Solving quadratic equations involves finding the values of the variable that make the equation true. A quadratic equation generally has the form \(ax^2 + bx + c = 0\). To find the roots or solutions, different methods can be applied, such as factorization, completing the square, or using the quadratic formula:> \[x = \frac{-b \pm \sqrt{b^2 - 4ac}}{2a}\]In the given problem, once the polynomial is expanded and set to zero, we deal with simplified quadratic forms.

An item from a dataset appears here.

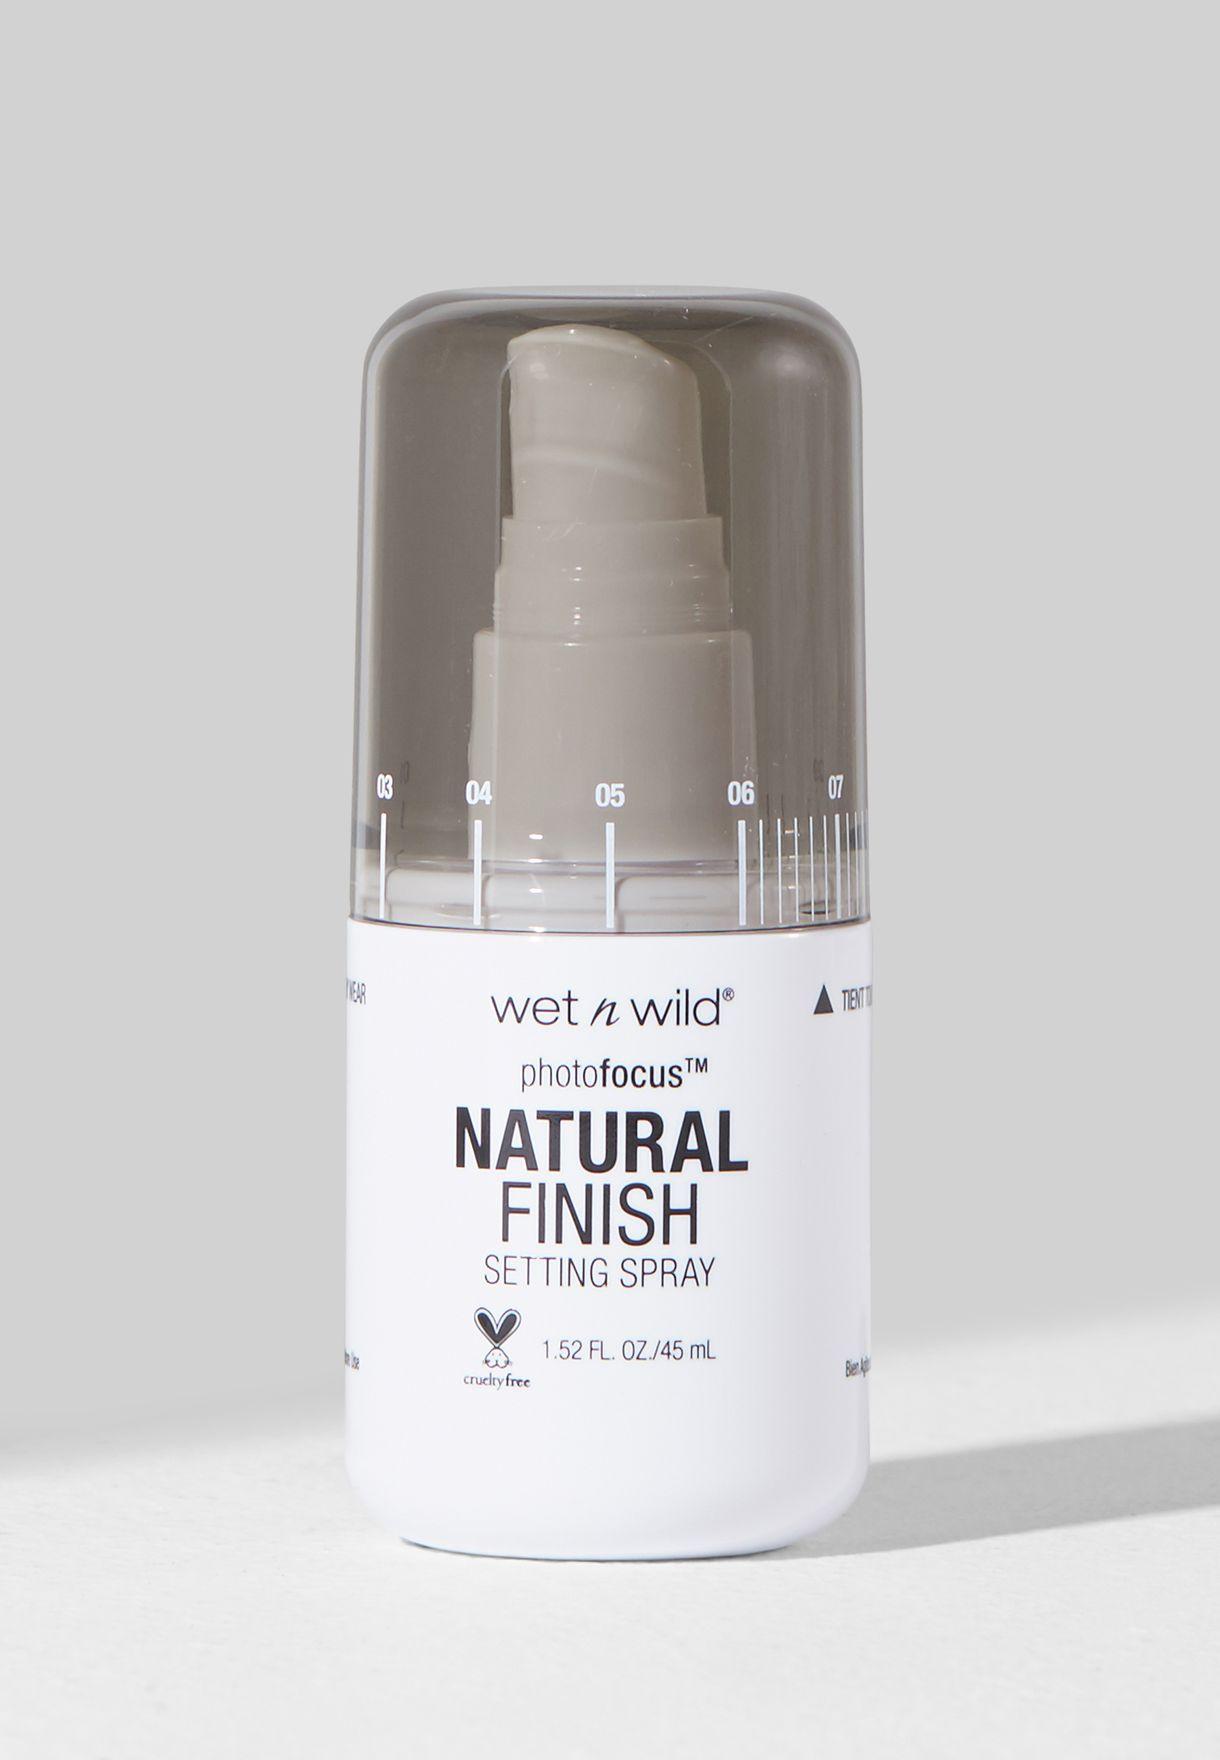 Natural Finish Setting Spray

For instance, equations like \(x^2 + 3x + 12 = 0\) or \(x^2 + 7x + 2 = 0\) appear, which can be solved by factoring. Factoring involves rearranging the equation as a product of two binomials, allowing the identification of zero solutions directly from the factors. By solving each quadratic equation, you determine multiple potential roots for the original polynomial equation.

Roots of Polynomials

Finding the roots of polynomial equations, like quadratic ones, gives the solutions to the equation. These roots represent the values of \(x\) that satisfy the equation, making it equal to zero.For polynomials of degree 4, like in the problem discussed, potentially four roots exist.To uncover these, upon simplifying and setting the equation to zero, you solve for each factor individually. For example:

• In \((x + 4)(x - 3) = 0\), the roots are \(x = 3\) and \(x = -4\).
• For \((x + 2)(x + 1) = 0\), we find \(x = -1\) and \(x = -2\).

The solution set is composed of all these roots collectively. These values pinpoint where the polynomial graph crosses the x-axis.